Cox proportional hazards
Those with C9orf72 expansions had an increased risk for developing subsequent features compared to those without (HR = 3.78 [95% CI 1.86–7.65], P < 0.001). Kaplan–Meier cumulative incidence plots, stratified by C9orf72 expansion status alone or in combination with initial clinical syndrome, are displayed in Fig. 1. In persons with C9orf72 expansions, the probability of a given person developing subsequent features reached 0.5 (50%) at 168 months (14 years) after symptom onset of the initial clinical syndrome (Fig. 1). In persons without C9orf72 expansions, the time at which the probability of a given person developing subsequent features would reach 0.5 is unable to be estimated due to the infrequent development of subsequent features in this group. In combination with C9orf72 carrier status, an initial ALS clinical syndrome was associated with a decreased hazard for developing subsequent features (HR = 0.48 [95% CI 0.25–0.95], P = 0.03). Neither age at initial clinical syndrome onset (HR range across models 0.99–1.00 [95% CI range across models 0.96–1.03]) nor sex (HR range across models 0.74–0.75 [95% CI range across models 0.39–1.43]) was associated with the hazard for developing subsequent features in either model. Tracheostomy was administered to 6 of 241 participants (2.49%), and 6 of 241 participants (2.49%) used permanent assisted ventilation. When we defined survival by death, tracheostomy, or permanent assisted ventilation, we observed similar results to those using death only; individuals with C9orf72 expansions had an increased risk for developing subsequent features compared to those without (HR = 3.77 [95% CI 1.86–7.65], P < 0.001), and, in combination with C9orf72 carrier status, an initial ALS clinical syndrome was associated with a decreased hazard for developing subsequent features (HR = 0.49 [95% CI 0.25–0.97], P = 0.04).

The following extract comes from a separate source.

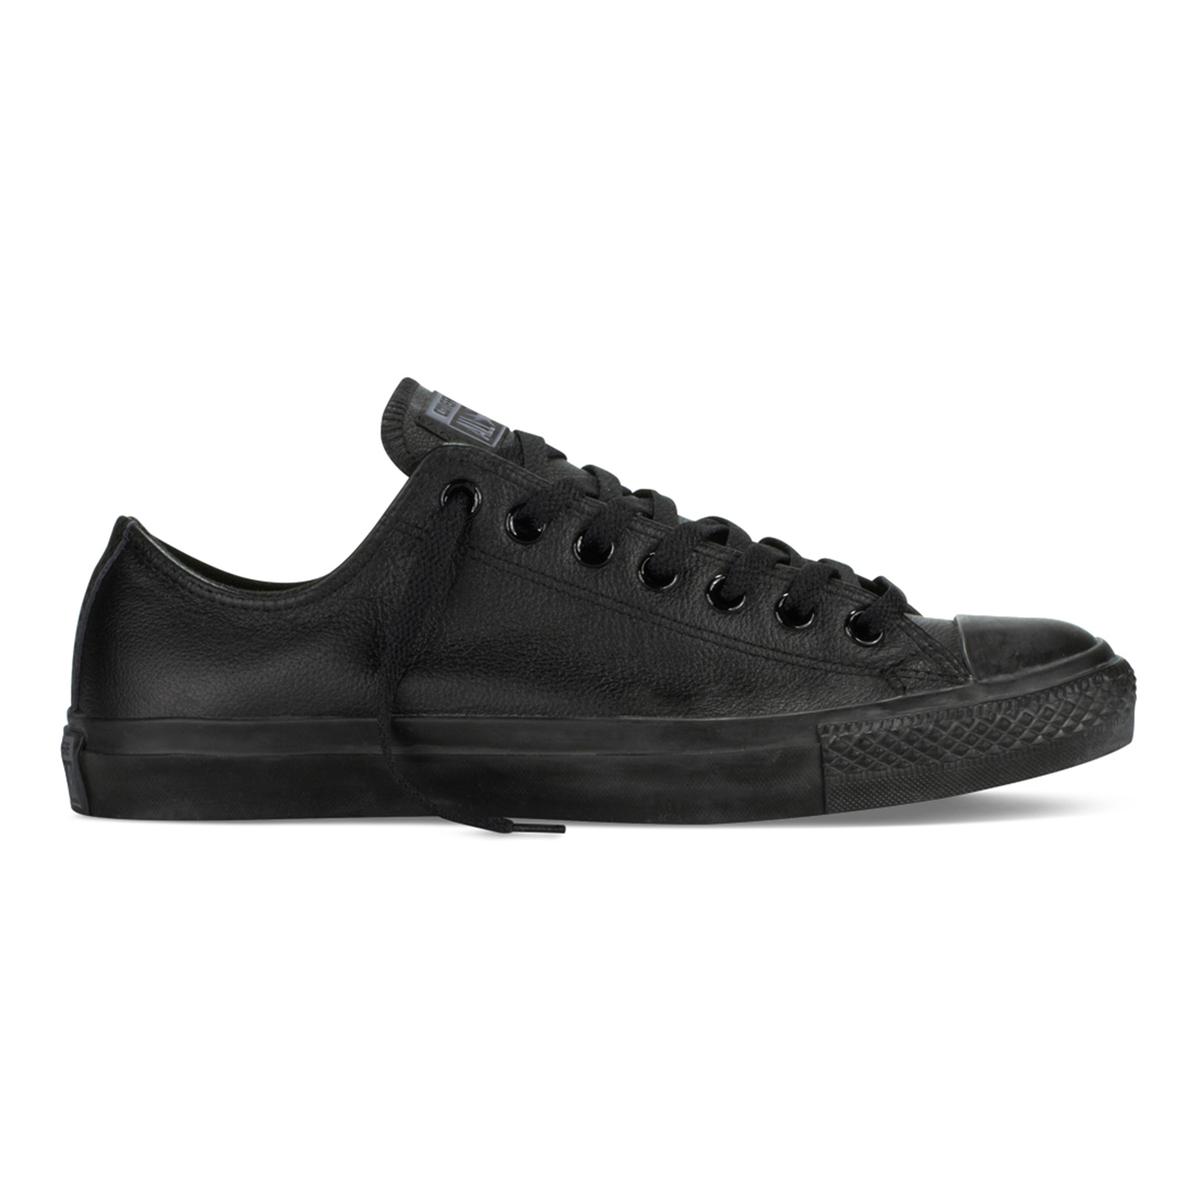 Imagen principal de producto de Zapatillas CHUCK TAYLOR ALL STAR OX MONO CUIR - Converse

C9orf72 hexanucleotide repeat expansions increase risk for subsequent feature development. Kaplan–Meier cumulative incidence plots are displayed stratified by (A) the absence (blue, n = 141) or presence (red, n = 100) of a C9orf72 expansion alone and (B) combined with initial clinical syndrome: initial clinical syndrome of FTD without C9orf72 expansion (blue, n = 38), initial clinical syndrome of FTD with C9orf72 expansion (red, n = 35), initial clinical syndrome of ALS without C9orf72 expansion (light blue, n = 103), and initial clinical syndrome of ALS with C9orf72 expansion (salmon, n = 65). Vertical rises indicate the development of subsequent cognitive-behavioural or motor features. Tick marks indicate censoring due to death. Shading represents 95% confidence intervals. The table shows the number of living individuals in the sample who have not yet developed subsequent features at a given time point. In (A) dotted horizontal line represents the highest probability of developing subsequent features reached for a given person without a C9orf72 expansion in our sample (cumulative incidence 0.12); dotted vertical lines represent the time after symptom onset of the initial clinical syndrome, a given person with (19 months) or without (113 months) a C9orf72 expansion reaches this probability. Cox proportional hazard analyses, controlling for age at initial clinical syndrome onset and sex, were used to examine the influence of C9orf72 expansion status, (A) alone and (B) in combination with initial clinical syndrome, on subsequent feature development. (A) Those with C9orf72 expansions had an increased risk for developing subsequent features compared to those without (HR = 3.78 [95% CI 1.86–7.65], P < 0.001). (B) In combination with C9orf72 carrier status, an initial ALS clinical syndrome was associated with a decreased hazard for developing subsequent features (HR = 0.48 [95% CI 0.25–0.95], P = 0.03).
Regional TDP-43 burden
At autopsy, the distribution of TDP-43 pathology across characteristic brain regions reflected both the initial clinical syndrome and subsequent features. First, this was done in characteristic FTD regions, specifically the cingulate gyrus, middle frontal cortex, angular gyrus, and superior/middle temporal cortex (Fig. 2). Pairwise Dunn’s tests revealed a lower burden of TDP-43 pathology in ALS cases without subsequent cognitive-behavioural features compared to FTD cases (with or without subsequent motor features) across all characteristic FTD regions (all FDR-adjusted P < 0.001). Further, a lower burden of TDP-43 pathology was observed in ALS cases without subsequent cognitive-behavioural features compared to ALS cases with subsequent cognitive-behavioural features across all characteristic FTD regions (all FDR-adjusted P < 0.05). Second, we examined TDP-43 burden in characteristic ALS regions, motor cortex, and spinal cord. In the spinal cord, a lower burden of TDP-43 pathology was observed in FTD cases without subsequent motor features compared to ALS cases (with or without subsequent cognitive-behavioural features) and FTD cases with subsequent motor features (all FDR-adjusted P < 0.01). However, no significant differences in TDP-43 burden were observed in the motor cortex across individuals grouped by initial clinical syndrome and subsequent features using the Kruskal–Wallis test (P = 0.10).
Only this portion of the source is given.